** Opening Supplied data block **
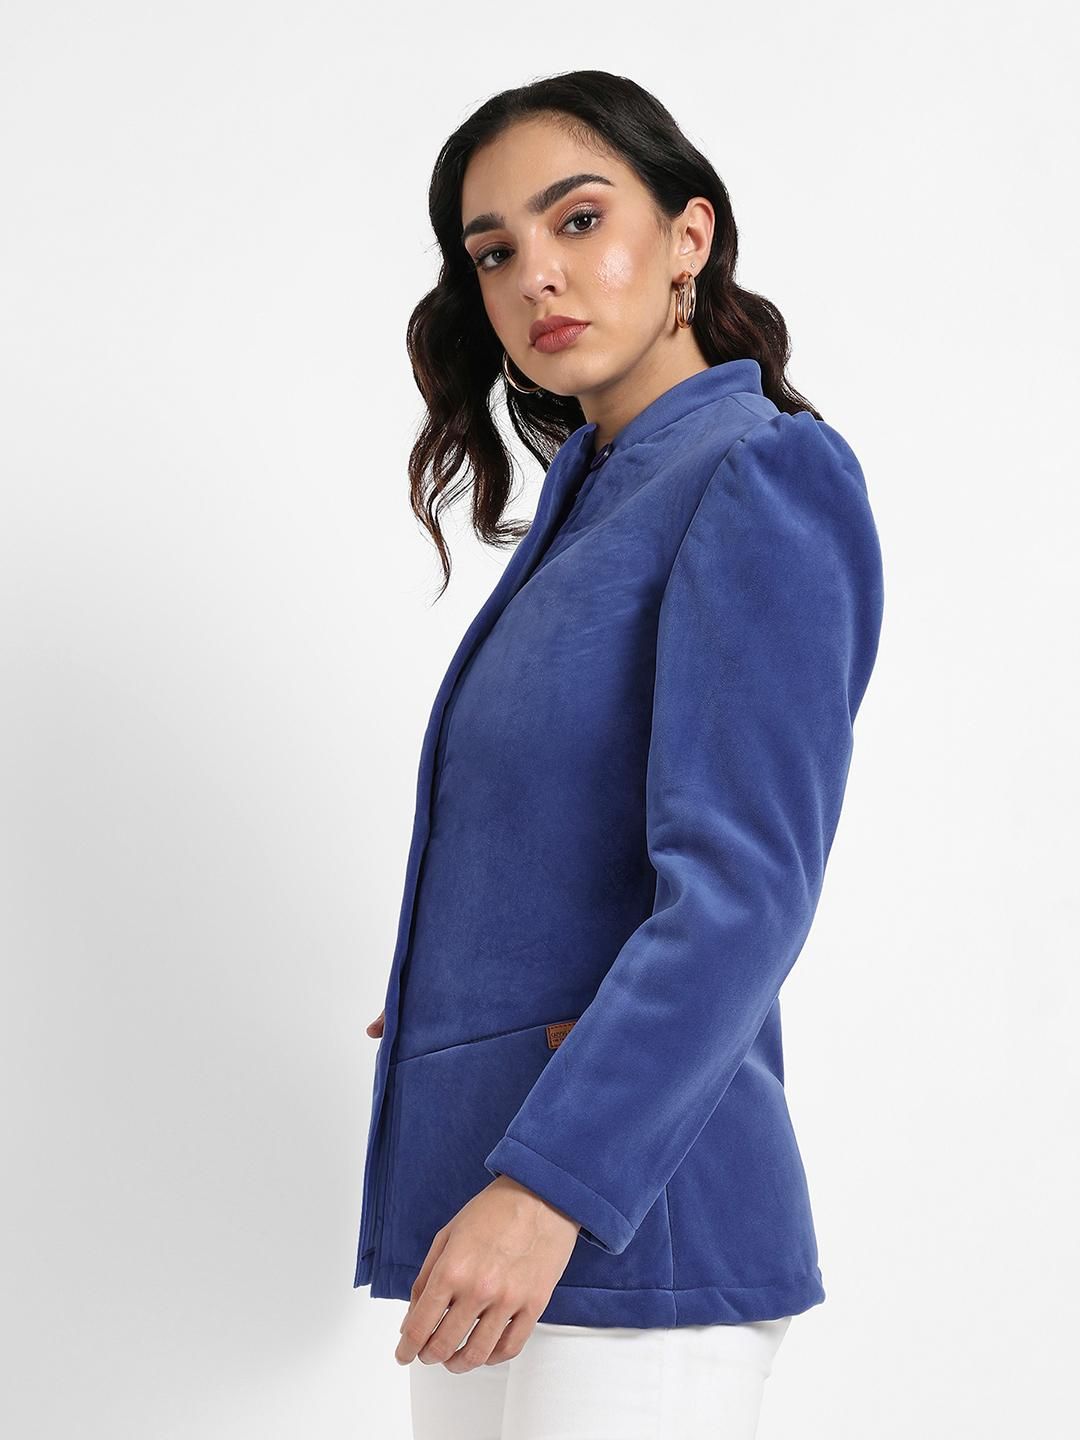 Campus Sutra Women's Single-Breasted Blazer With Power Shoulders
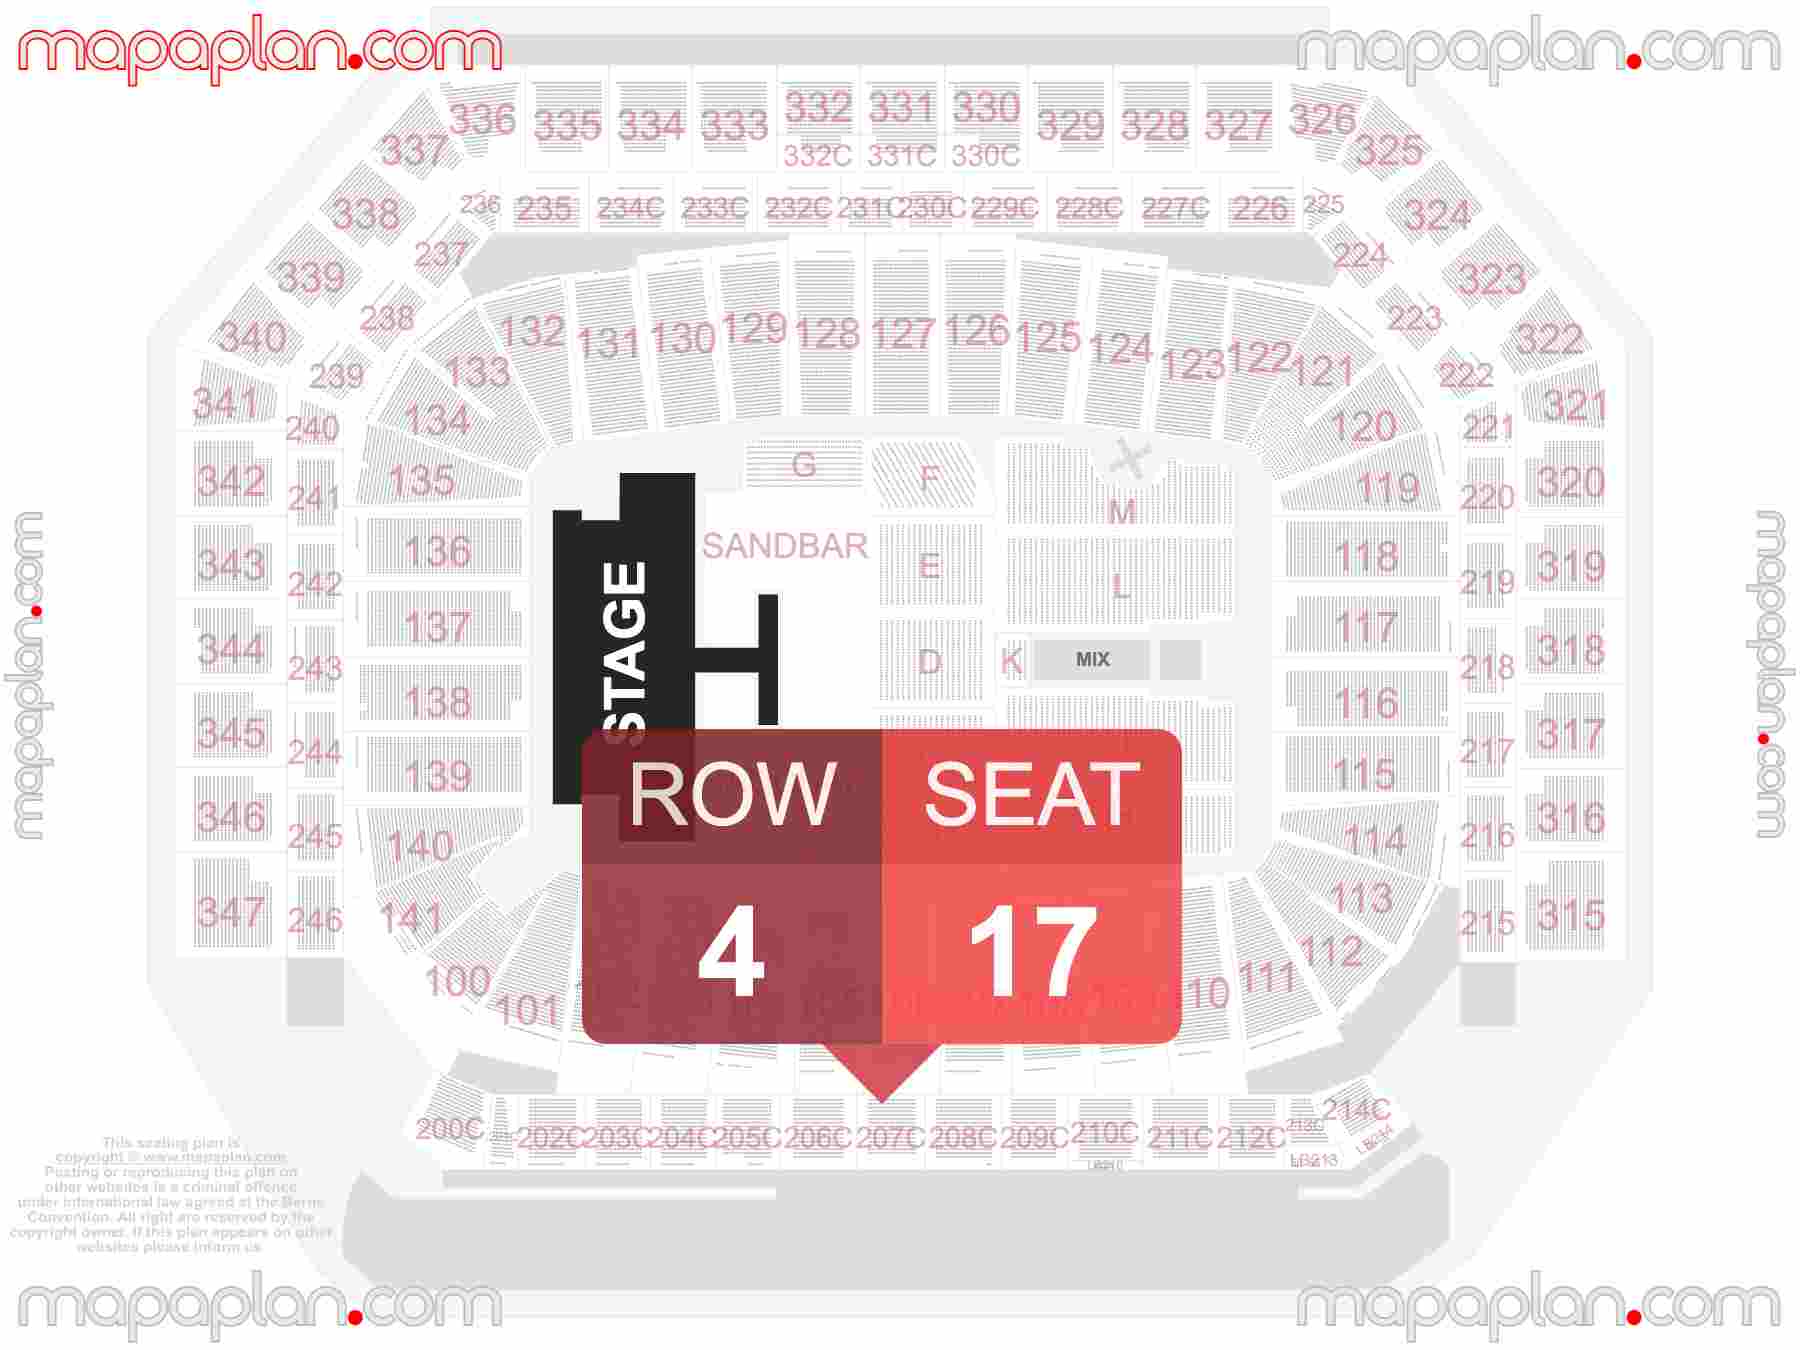 Detroit Ford Field seating chart Concert with extended catwalk runway B-stage seating chart with exact section numbers showing best rows and seats selection 3d layout - Best interactive seat finder tool with precise detailed location data
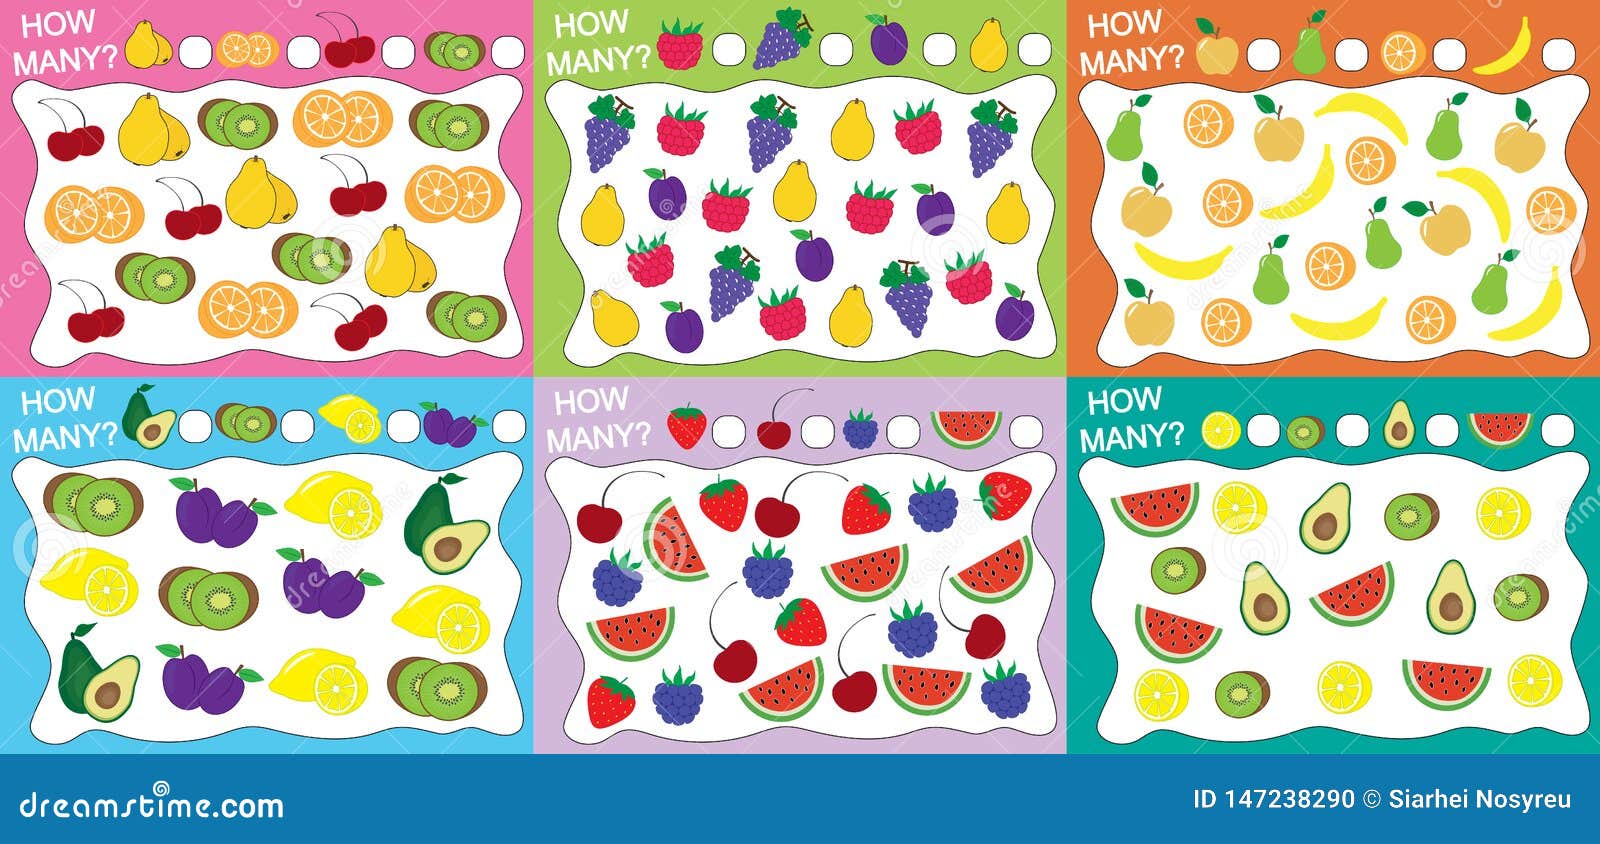 set of educational games for kids 6 in 1. how many objects fruits counted?  
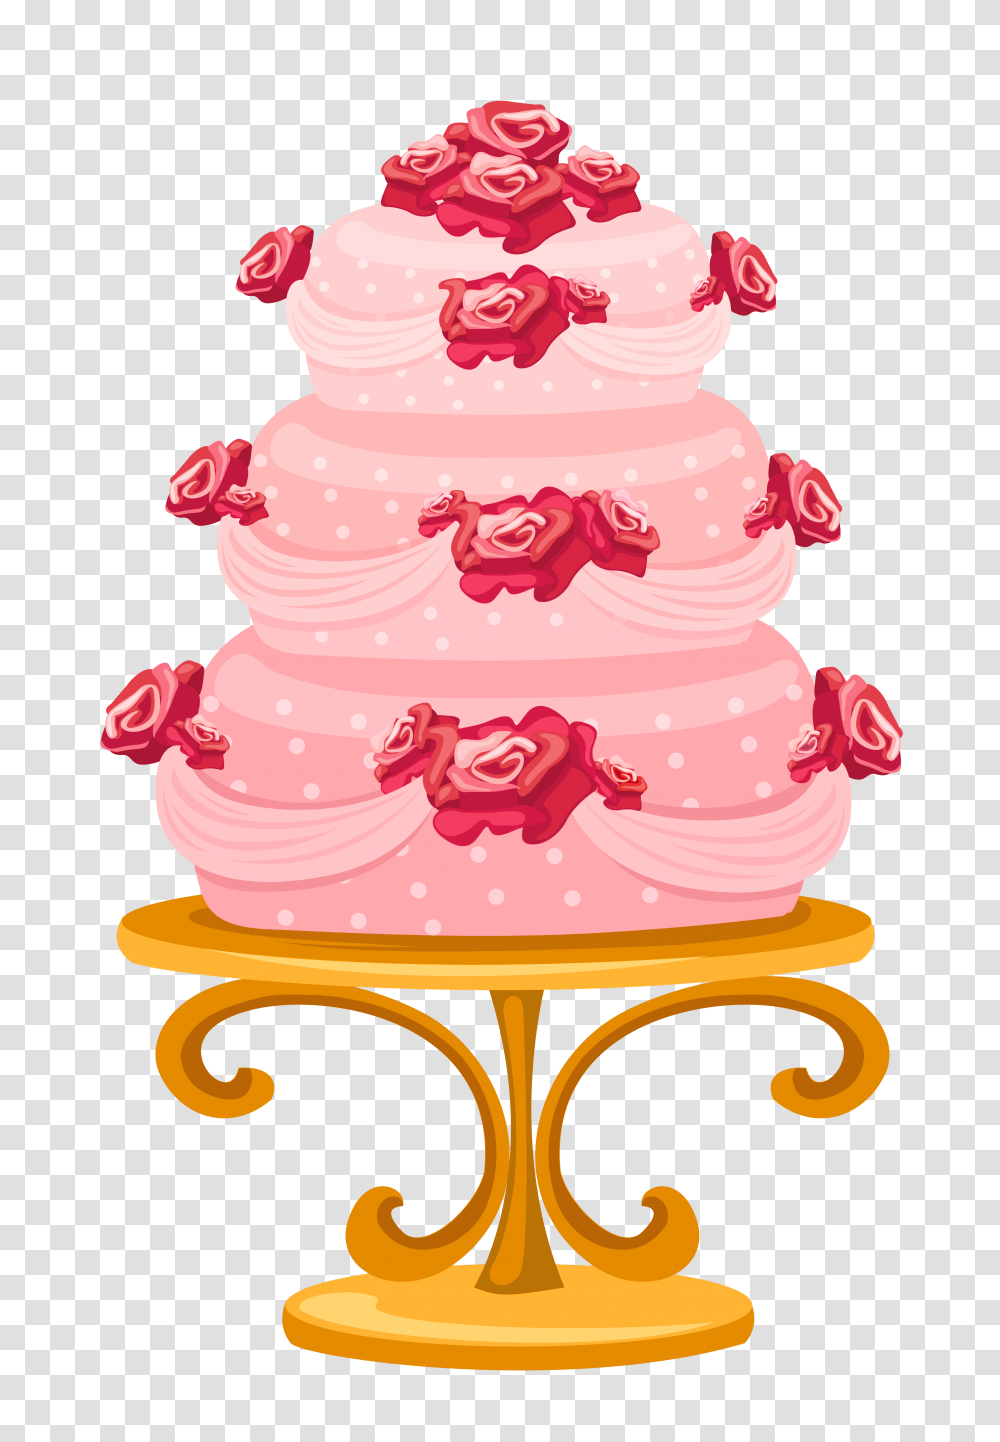 Cake With Roses Clipart, Dessert, Food, Wedding Cake, Cream Transparent Png
** Closing Supplied data block **
Give the data again exactly, without pictures.

* Your solution *
 Campus Sutra Women's Single-Breasted Blazer With Power Shoulders
 Detroit Ford Field seating chart Concert with extended catwalk runway B-stage seating chart with exact section numbers showing best rows and seats selection 3d layout - Best interactive seat finder tool with precise detailed location data
 set of educational games for kids 6 in 1. how many objects fruits counted?  
 Cake With Roses Clipart, Dessert, Food, Wedding Cake, Cream Transparent Png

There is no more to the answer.